Reviewed by Johnny Butane

Released by Sparkhill DVD


Where can I begin with a collection of goodies this big? The beginning, I suppose.

Out of seemingly nowhere Sparkhill DVD, a company well-known in the industry as producers of documentaries for DVDs like the Alien Quadrilogy, announces they’re releasing Ray Harryhausen: The Early Years Collection, a collection of Ray Harryhausen’s first forays into stop-motion animation, namely the Mother Goose stories and Fairy Tales that he was commissioned to make back in the 40’s and 50’s for public schools. Unless some of us out there went to some really cool schools (because they are still shown today by the good ones), this DVD could very well be the first time anyone’s seen these wonderful short films by one of the most influential artists in cinema. And the DVD is loaded, too!

The Mother Goose stories are shown here with a mini-intro that shows Mother Goose coming out of a book with a goose and making an old-time camera appear to show the tales on the screen. This was a new bit of animation to utilize as a wrap-around, apparently, but it looks just like the rest of the stories within, which include “Little Miss Muffett”, “Old Mother Hubbard” (a tale I never heard the full version of, it’s kinda twisted), “The Queen of Hearts”, and “Humpty Dumpty”. Each one is very short, features stock music and intertitle cards to tell the story, but watching them and realizing the each one was done by hand over the course of months…it’s just amazing to see.

Then we have the Fairy Tales, longer bits with voice-over narration telling the story the way Ray thought it should be told. Most of the time as he looked into the stories’ origins, he discovered the originals to be a bit too dark for kids to understand, so he took some creative liberties with them. Ironically, most of them are just as I remember, showing that maybe Ray’s interpretation was the one embraced by most of the public today.

Included in here are “Little Red Riding Hood”, “Hansel & Gretel”, “Rapunzel”, “King Midas”, and “The Tortoise & The Hare”. For those of you familiar with Harryhausen’s career, you’ll recognize the significance of this last story, as it was one Ray began back in 1952 but never finished because he was offered work in a feature film. 50 years later, some stop-motion fans contacted him and asked if they could help him finish the tale, and luckily Ray still had the Hare, Tortoise, and Mr.
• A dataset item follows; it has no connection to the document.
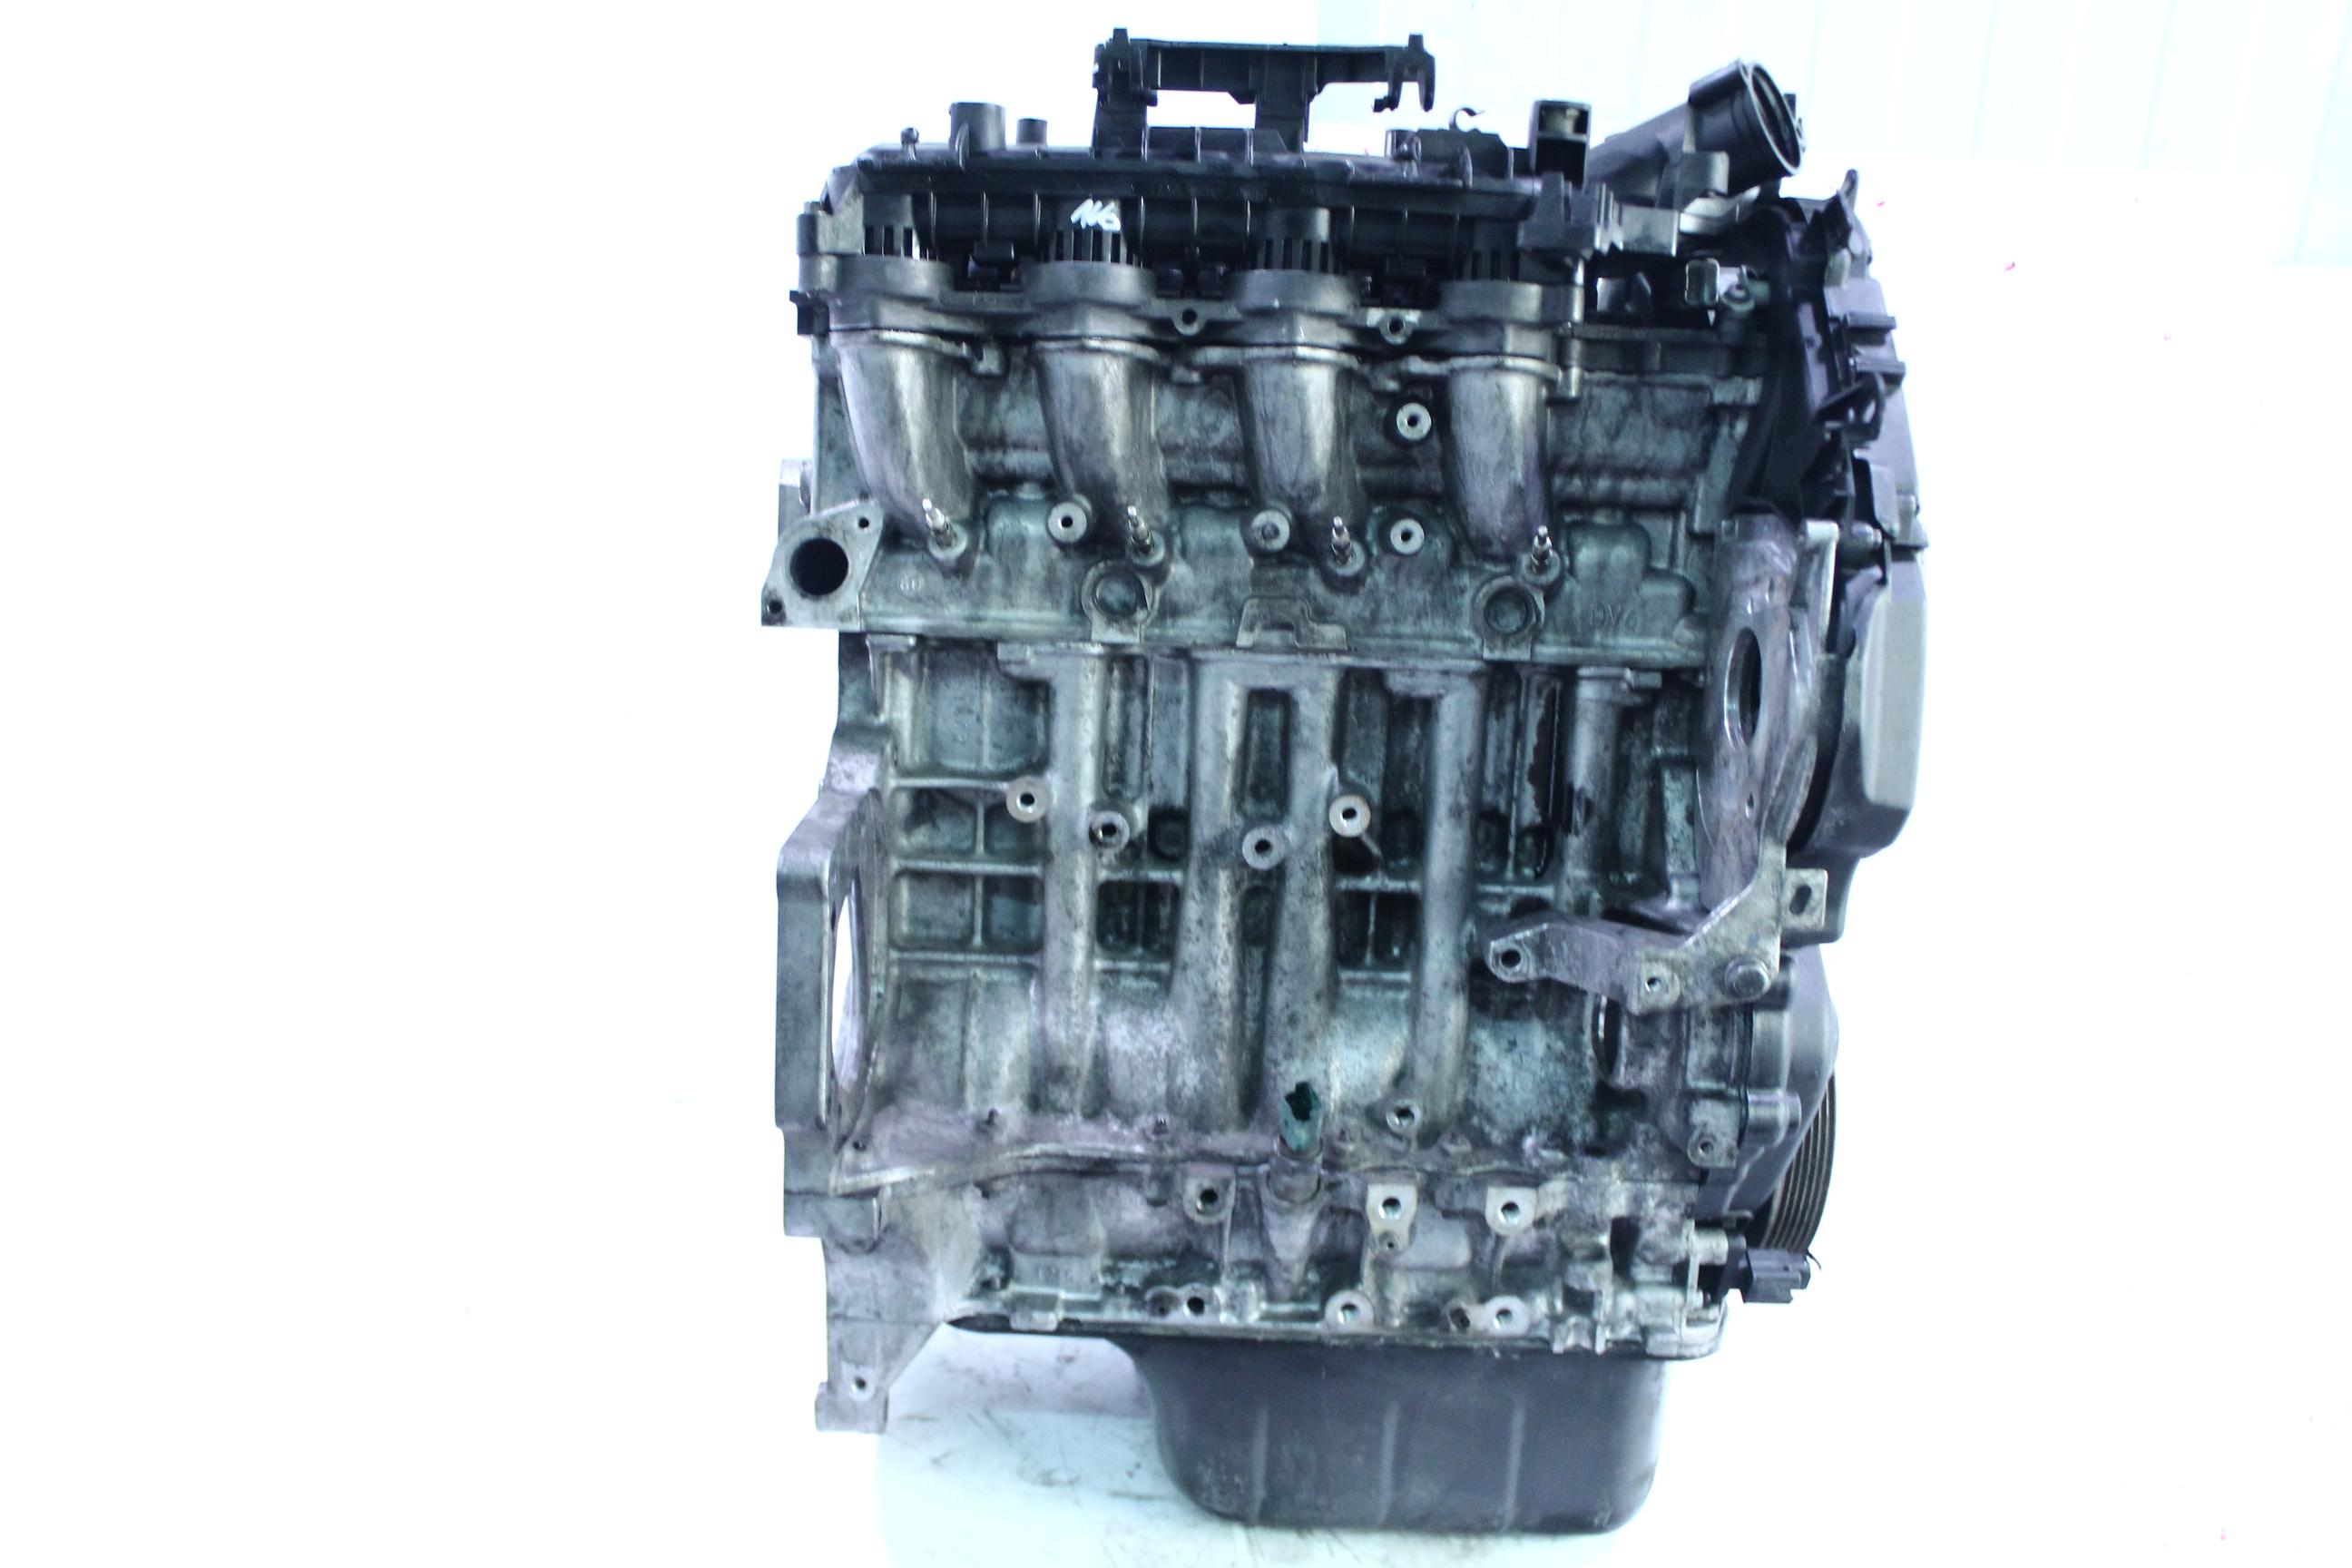 Motor 2010 Citroen Peugeot Berlingo Partner 1,6 HDi Diesel 75 9HT DV6BTED4 9H03

Fox figures for use, and they were in excellent condition. They were given the exact same camera Harryhausen used to film the original 3 ½ minutes in order to finish it and make sure it looked as close to the existing footage as possible. The result is a shinning example of how fantastic Ray’s work was for his time, for literally very little has been done to improve upon the artistry he developed when he began. Though you can see the difference in film quality when it goes to the new footage, more or less this is a flawless continuation.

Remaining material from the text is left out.